Я стою как столб, смотрю туда-сюда, не знаю, что делать. Как вдруг вижу — из окна высунулся тот самый, который убил Максима, видно, осмелел и кричит, поганец:
— Так ему и надо, пьянице! Так ему и надо! А вы чего здесь стоите, свиньи? Марш по домам все!
Кровь во мне закипела.
— Люди, — заревел я не своим голосом, — что вы, одеревенели или одурели? Человека убили у вас на глазах, да еще и смеются, а вы стоите, и хоть бы что. Накажи вас сила божья! Бей воров!
— Бей! — заревели в эту минуту со всех сторон так, что земля задрожала. — Бей воров, кровососов!
Словно искра в солому попала. В одну минуту весь свет, казалось, стал другим. Я еще и оглянуться не успел, а уже целая туча камней полетела в злодеев. Я увидел, как убийца Максима, тот, который торчал в окне, вдруг подпрыгнул, схватился за голову руками, скорчился, вскрикнул и шлепнулся наземь. Больше я не видел, не слышал ничего. Крик, шум поднялся такой, словно Судный день настал. Люди ревели от ярости, задние напирали на передних, хватали, что под руку попало — колья из плетней, жерди, поленья, камни, — и громили спекулянтов. Поднялся такой крик и шум, словно вся бориславская котловина сквозь землю проваливалась. Часть воров тут же разлетелась, как пыль. Но некоторые заперлись в хате Максима. В окно видно было, что у них в руках топоры, лопаты, вилы, — подхватили, что могли. Однако, видя, что народ, словно ревущий поток, окружает хату, они перестали кричать, будто окаменели от страха. Народ ринулся к двери, к окнам, к стенам. Затрещали доски, бревна, зазвенели стекла — стук, крик, визг, и вдруг страшный грохот, туча пыли… Народ на куски разметал стены, — потолок рухнул, погребая под собой всех, кто был в хате, облако пыли скрыло это страшное зрелище…
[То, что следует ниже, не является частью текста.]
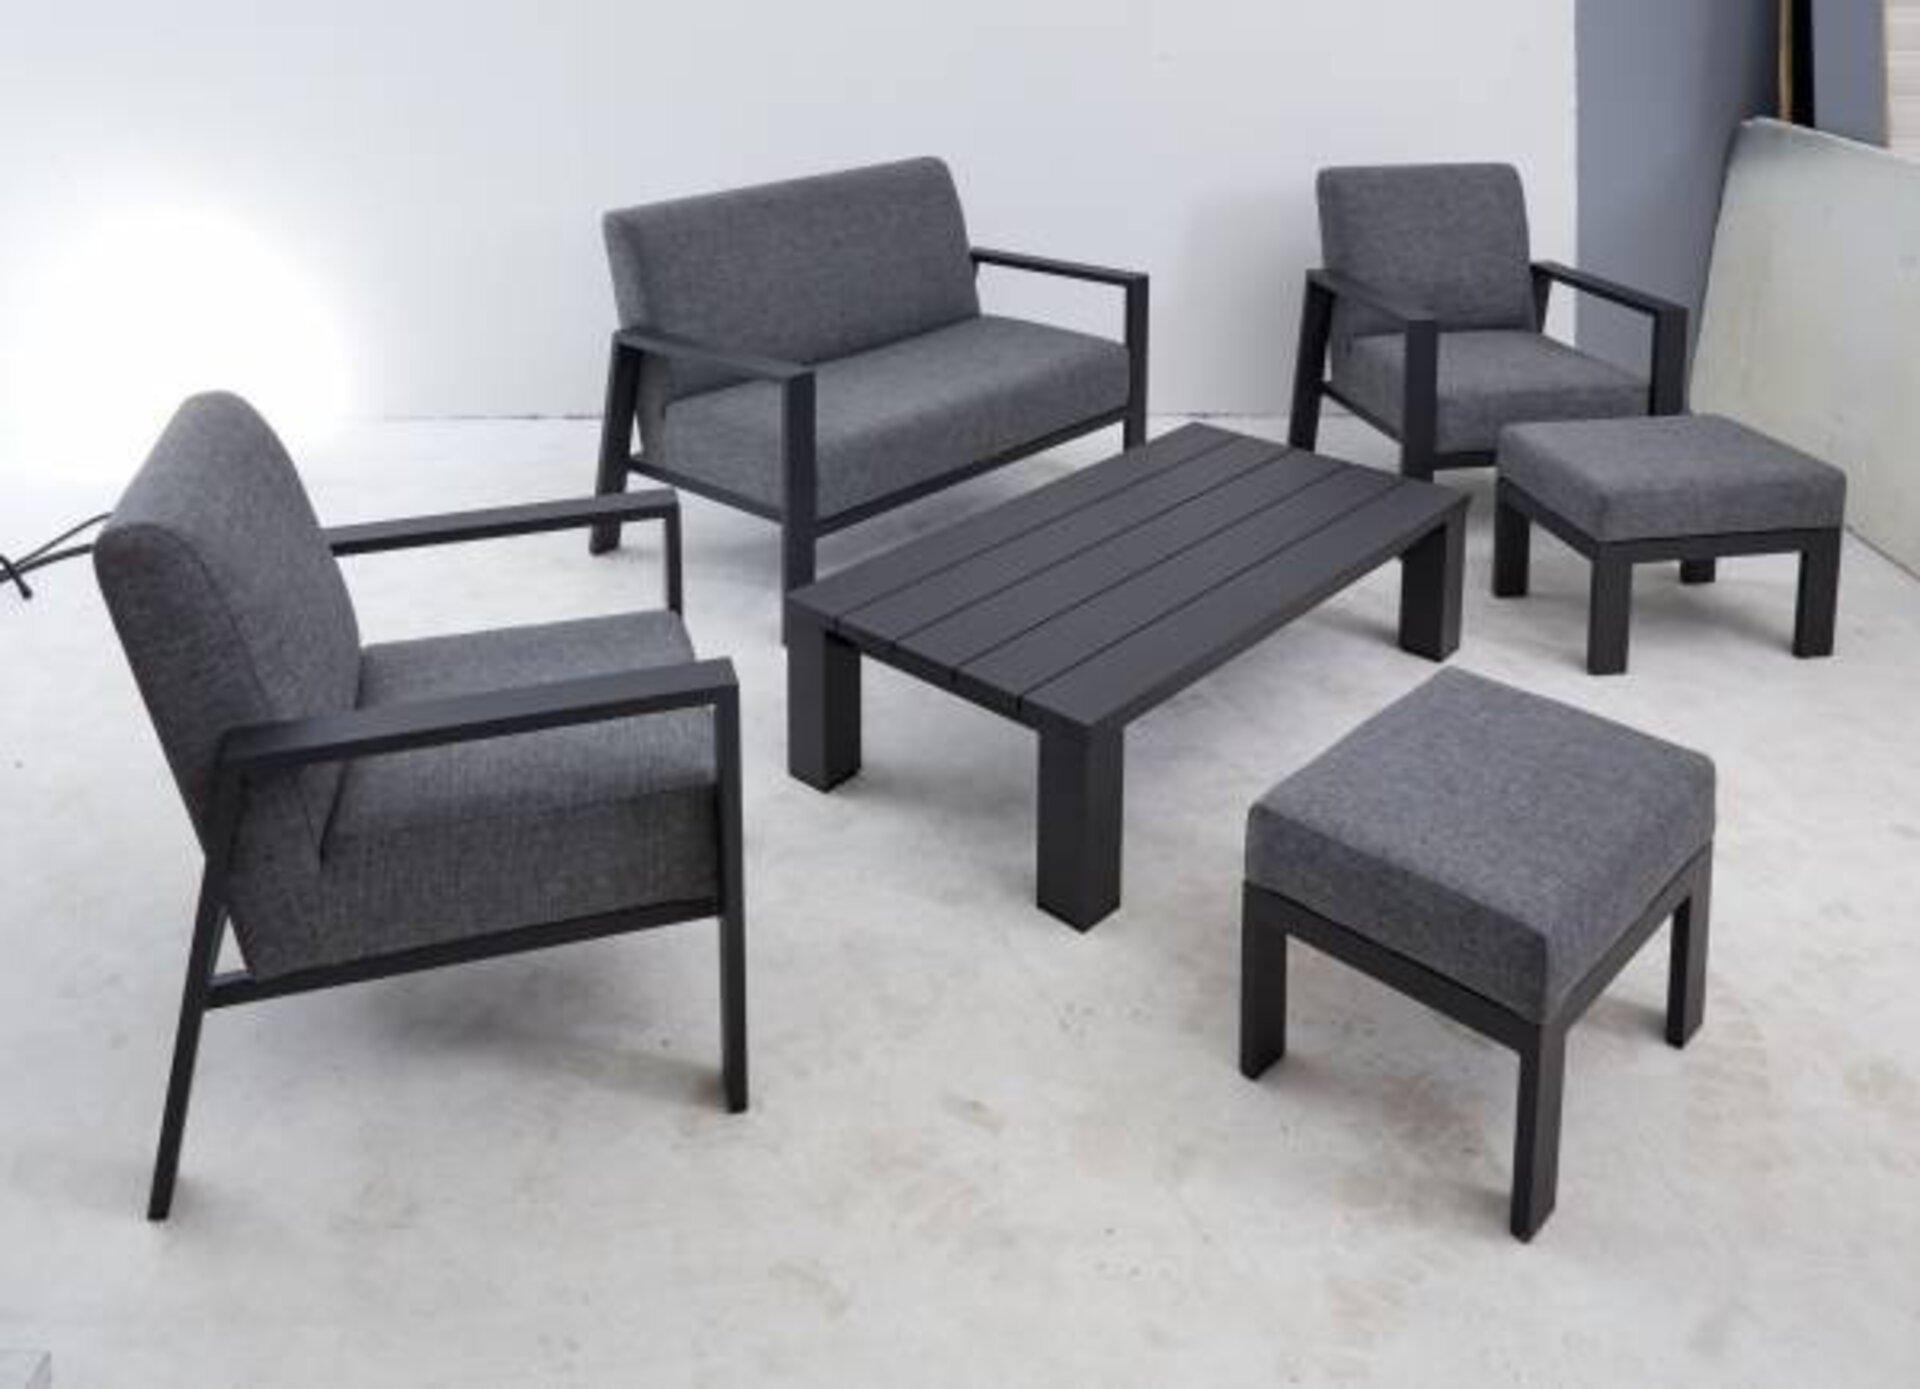 Loungesofa DJERBA Outdoor Textil 92 x 79 x 136 cm

Но у меня в это время было иное на уме. Видя, как народ, словно зверь, напирает на злодеев, я схватил маленькую девочку, Максимову сироту, на руки и незаметно начал пробираться сквозь толпу. С трудом выбрался я на свободу, как раз в ту минуту, когда рухнула хата. Я бежал домой огородами, боясь, как бы разъяренные спекулянты не перехватили меня по дороге. Очутившись наконец в своей хате, я запер дверь и, положив обомлевшую девочку на топчан, начал приводить ее в чувство. Долго я не мог добудиться ее, уже подумал, что и ее оглушил какой-нибудь камень. Но бог миловал, девочка очнулась, и я так обрадовался, словно это мой собственный ребенок ожил предо мною.
Матвей замолк на минуту. Трубка погасла в его зубах, и на лицо, оживленное и разгоревшееся во время рассказа, начала медленно набегать прежняя мрачная и безнадежная туча. Спустя минуту он продолжал:
Сборник популярных бардовских, народных и эстрадных песен разных лет.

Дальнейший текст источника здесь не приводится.